The supplier (and not the Company) has credit risk.  We believe we have some level of credit risk, but that risk is mitigated because we do not remit payment to providers unless and until we have received payment from the relevant payor clients following our processing of a claim.
The amount that the Company earns is not fixed.  We do not earn a fixed amount per transaction nor do we realize a per-person per-month charge for our services.

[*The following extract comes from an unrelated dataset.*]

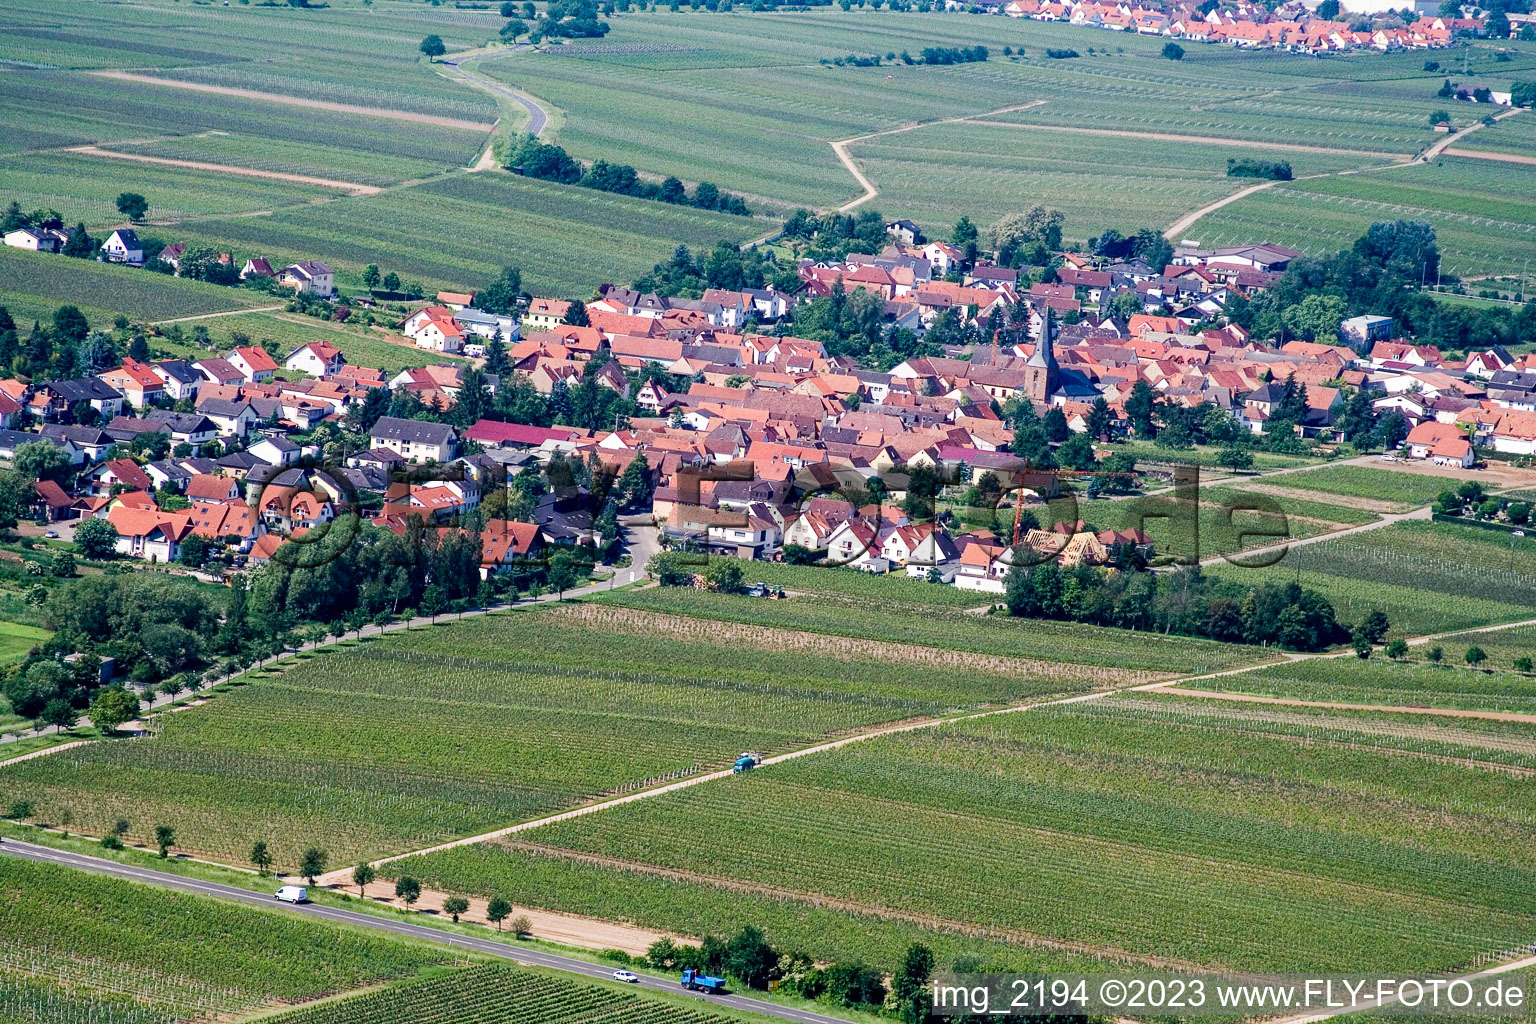 Roschbach dans le département Rhénanie-Palatinat, Allemagne vu d'un drone

We have evaluated the other indicators of gross and net revenue recognition, including whether or not we have general inventory risk. We do not have any general inventory risk, as our business is not related to the manufacture, purchase or delivery of goods and we do not purchase in advance any of the services to be provided by the ancillary healthcare service providers. While the absence of this risk would be one indicator in support of net revenue reporting, as described in detail above, we have carefully evaluated all of the key gross and net revenue recognition indicators and have concluded that our circumstances are more consistent with those key indicators that support gross revenue reporting.
 
If, however, we were to report our ancillary network revenues, net of provider payments rather than on a gross reporting basis, for the three and six months ended June 30, 2015, our net ancillary network revenues would have been $1.5 million and $2.9 million, respectively. For the three and six months ended June 30, 2014, our net ancillary network revenues would have been approximately $1.6 million and $2.9 million, respectively. 
 
For our ancillary network business, HealthSmart comprised a significant portion of our net revenue during the period ended June 30, 2015 and 2014. The following is a summary of the approximate amounts of our net revenue and accounts receivable attributable to HealthSmart as of the dates and for the periods presented:
 
 
  As of
June 30,
2015
  Period ended June 30, 2015   As of
June 30,
2014
  Period ended June 30, 2014
     Three months   Six months   Three months   Six months
     Accounts
Receivable
  Revenue   % of Total
Revenue
  Revenue   % of Total
Revenue
  Accounts
Receivable
  Revenue   % of Total
Revenue
  Revenue   % of Total
Revenue
HealthSmart Preferred Care II, L.P.   $ 557     $ 2,056       25   $ 3,873       23   $ 1,029     $ 2,312       39   $ 3,544       32
We maintain an allowance for uncollectible receivables which primarily relates to payor refunds. Refunds are paid to payors for overpayments on claims, claims paid in error, and claims paid for non-covered services. In some instances, we will recoup payment made to the ancillary service provider if the claim has been fully resolved. Co-payments, deductibles and co-insurance payments can also impact the collectability of claims. While we are able to process a claim and estimate the cash we will receive from the payor for that claim, the presence of co-pays, deductibles and co-insurance payments can affect the ultimate collectability of the claim. We record an allowance against revenue to better estimate collectability. Provisions for refunds recorded were approximately $(174,000) and $53,000 for the three-month periods ended June 30, 2015 and 2014, respectively. The allowance was approximately $125,000 and $341,000 at June 30, 2015 and 2014, respectively.